Saturday, September 27, 2008

September 27 2008, WAC class fini

Last field trip for the climbing class this weekend at the Royal Columns on the Tieton River. This was a chance to climb some of the hardest 5.4 routes in the state, work on our suntans and annoy the rattlesnakes.



The previous weekend was at Leavenworth for more practice on the rock; in this case for the self-rescue module -- two days of tying off climbers, prussiking up and down the wall and rappelling with an incapacitated partner. The practice sessions were on the slabs at Rotowall, with a side trip to remove some skin on the classic crack.

Bottom line: For rescuing climbers, the Munter/Mule knot solves all your problems.

The weekend before that was the Ice Climbing field trip where we got to spend some quality time on frozen H2O. Still no skis, but plenty of time on crampons. The class was up on the Coleman glacier at Mt Baker. We ended up with three days of nearly perfect weather and covered everything from French Technique for low-angle ice to figure-4's on the overhanging seracs (Well nobody actually made a figure-4 move, but we did talk about them and a couple of folks tried it -- turns out they're not easy to pull on the first ice climbing trip of the season for anybody.)

If you're really interested, I posted a complete trip report for the ice weekend on the WAC site. (It had to be anonymous because we still had two more field trips)

And you can find a good reference to the techniques used here.

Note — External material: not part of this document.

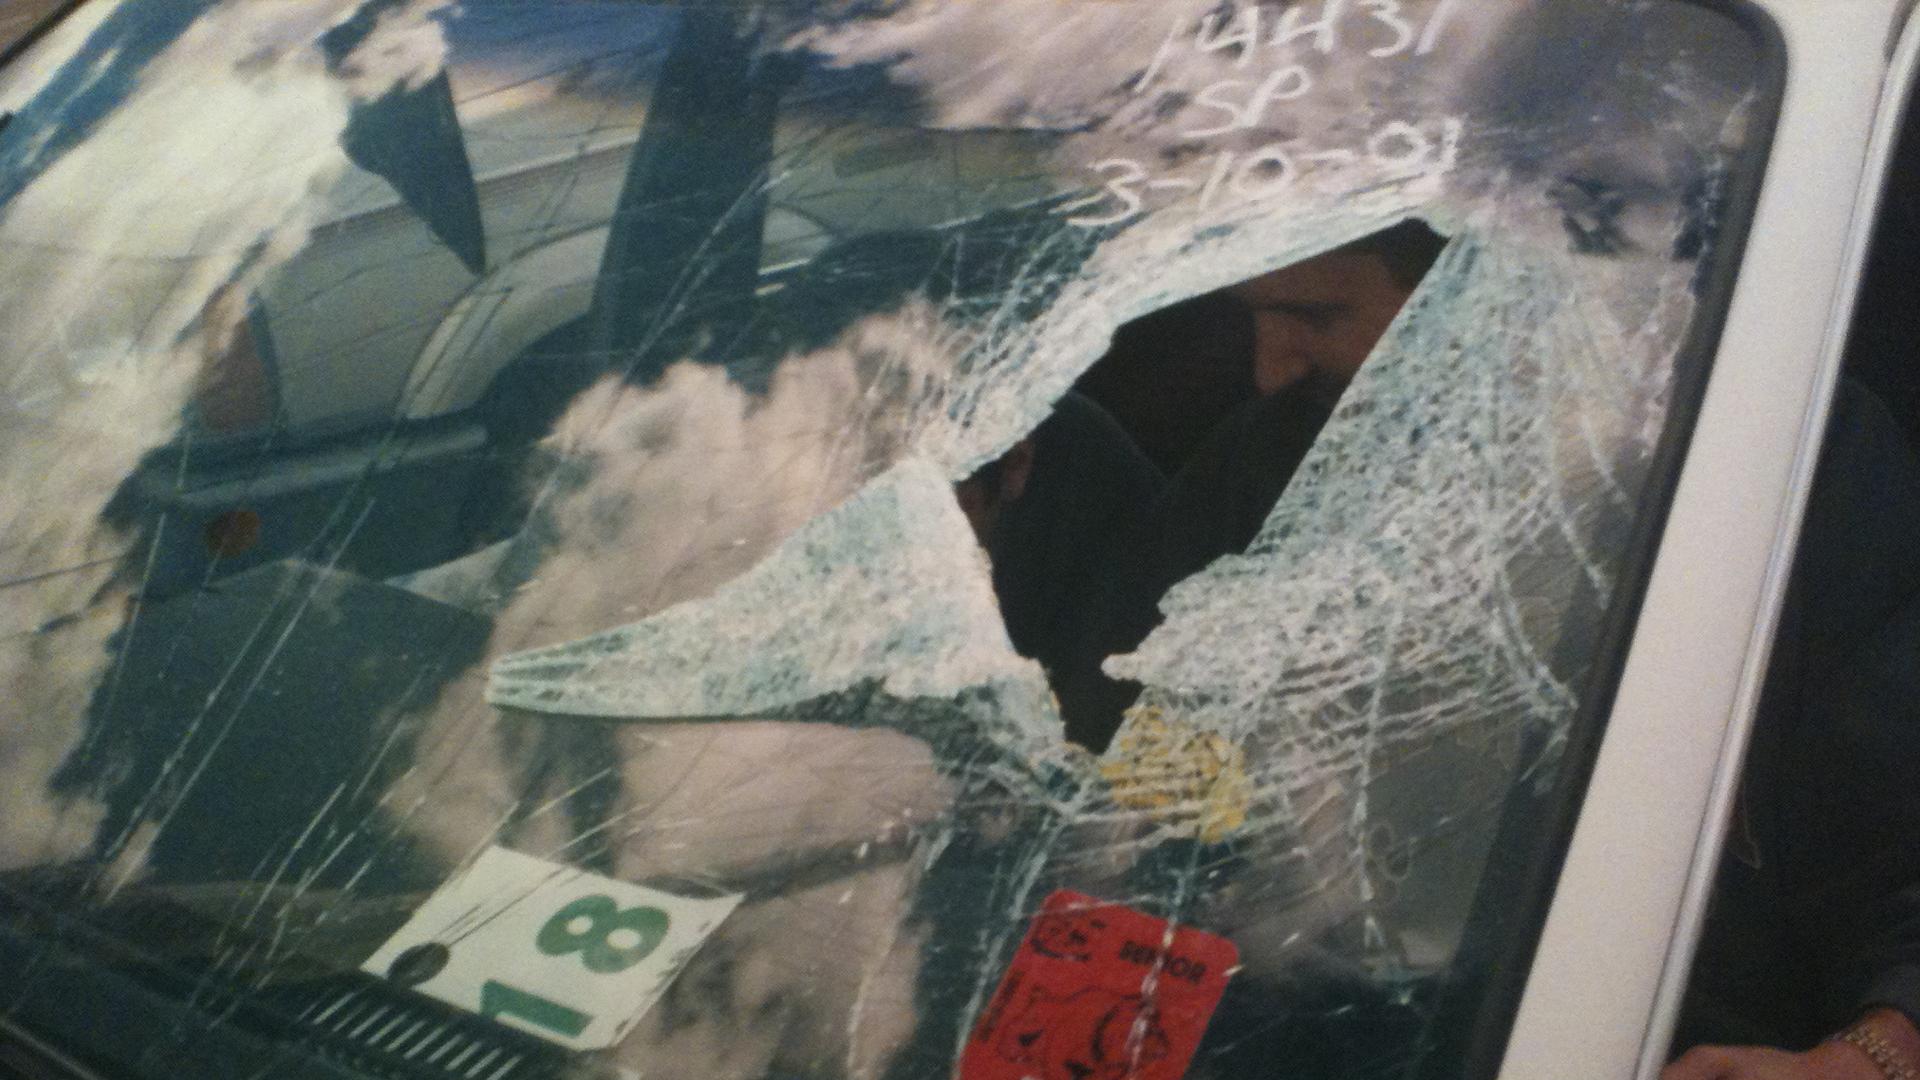 accident_car3.jpg

My friend Ben posted some great shots from the ice weekend here ...http://picasaweb.google.com/bengadbaw/ColemanGlacierSeptember2008#

You can see my photos from the other weekends here http://picasaweb.google.com/trueguides/WashingtonAlpineClubIntermediateClimbingClass2008#

Monday, September 8, 2008

2008 September 08 - WAC Climbing Class

I've got a little distraction going through the month of September that'll keep me pretty busy. I was going to use a weekend or two this month to scope out some of the sites that I haven't been to yet. Most of the sno-parks are located in the wild lands so there's good hiking and scrambling nearby, but I signed up for the Washingtion Alpine Club's intermediate climbing class and that takes up all the weekends this month. Loads of fun (typical assignment: spend 1/2 hour climbing a 40' 5.3 pitch placing a dozen or more pieces of pro, then rap down with an instructor getting a 20 minute lecture for each piece on how you would die if you ever fell on it, but how bomber it could be if you just move it down 1/16 of an inch; climb it again putting all the pieces back exactly how you had them the first time and rap down with another instructor to find out how great the placements are as long as they don't move down more than 1/32 of an inch.)




So I'm constantly terrified and I may never climb trad again, but at least after this class all my gear will look well used.

Tuesday, September 2, 2008

2008 September 02 Park Butte/Railroad Grade Hike

So I didn't get to ski over the labor day weekend, but I did manage to get snowed on. Hiked up to Park Butte lookout on the south side of Mt. Baker. Ran into a friendly bunch of hikers in the lookout and they assured me the view is fantastic but all we saw this weekend was white: fog, snow, hail...

insert some photos...

Not much of a view from the lookout, so I ran up the railroad grade trail to check out the glacier. The grapual that landed on the ground mostly melted off but it stuck on the snow patches. I'm afraid it's going to take more than a quarter inch of fresh before the Easton is ready to ski...

insert photo of glacier

Shortly after turnaround time the thunder and lightning fired up, and since I was the tallest thing standing on the railroad grade, I hustled down the trail. The hail was stinging pretty good, and the ground was still white as I got back to the parking lot.